O Ethereum lançou nesta semana o centro de recursos “Ethereum Pós-Quântico”, com o objetivo de proteger toda a rede na camada de protocolo contra ataques quânticos — planejando incorporar soluções resistentes a quânticos na camada de execução até 2029, protegendo bilhões de dólares em ativos.

A Solana, por sua vez, criou, em janeiro de 2025, um sistema de cofres resistentes a ataques quânticos, usando assinaturas de hash para gerar chaves novas a cada transação. Contudo, essa não é uma atualização global, sendo necessário que os usuários transfiram seus fundos manualmente para esses cofres para usufruir da proteção adicional.

A comunidade do Bitcoin enfrenta uma situação mais complexa, com divergências internas evidentes. Uma voz influente, o CEO da Blockstream, Adam Back, acredita que o risco quântico está exagerado e que não há necessidade de ações nos próximos anos. Por outro lado, pesquisadores de segurança como Ethan Heilman propuseram a BIP-360, que introduz um novo tipo de saída chamado “Pay-to-Merkle-Root”, visando proteger endereços do Bitcoin contra ameaças quânticas de curto prazo — mas Heilman afirmou ao CoinTelegraph que a implementação dessa solução pode levar até sete anos.

O Google estabeleceu um prazo público: 2029 para a migração pós-quântica.

“Ataques de store-now-decrypt-later são relevantes hoje.”

Isso significa que o Bitcoin tem 3 anos para migrar mais de 6,5 milhões de BTC em endereços vulneráveis.
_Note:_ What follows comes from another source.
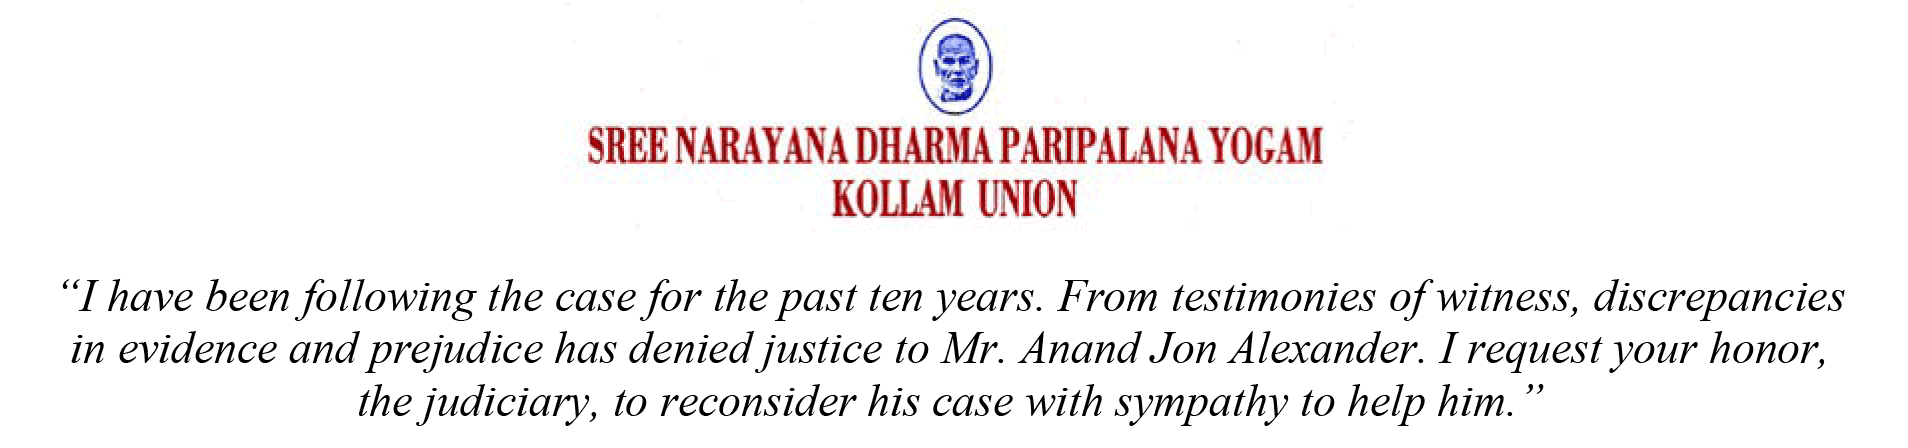 Sree Narayana Dharma Paripalana Yogam Kollam Union

Este é o maior desafio de coordenação do Bitcoin até agora. pic.twitter.com/LkV7gAvlQM

— JP Richardson (@jprichardson) 25 de março de 2026

2029: será suficiente?

O prazo de 2029 definido pelo Google é um alerta e um teste de resistência para a indústria de criptografia. Se até mesmo gigantes tecnológicos estão planejando uma renovação completa do sistema de criptografia em seis anos, será que as redes blockchain — especialmente o Bitcoin, conhecido por sua descentralização e ritmo lento de consenso — terão velocidade suficiente para acompanhar?

O Ethereum também estabeleceu uma meta para 2029 na camada de protocolo, mas, na história da rede, grandes forks (hard forks) nunca foram concluídos em menos de três anos. A solução de cofres da Solana, embora já implementada, enfrenta dificuldades de adoção em larga escala por não ser obrigatória.

O maior risco da ameaça quântica talvez não esteja na capacidade técnica de quebrar a criptografia, mas na velocidade com que a indústria consegue agir para acompanhar a evolução dos computadores quânticos. Ao divulgar publicamente seu cronograma, o Google está, na prática, pressionando toda a ecologia de segurança digital — em 2029, o tempo de reação será cada vez menor para todos.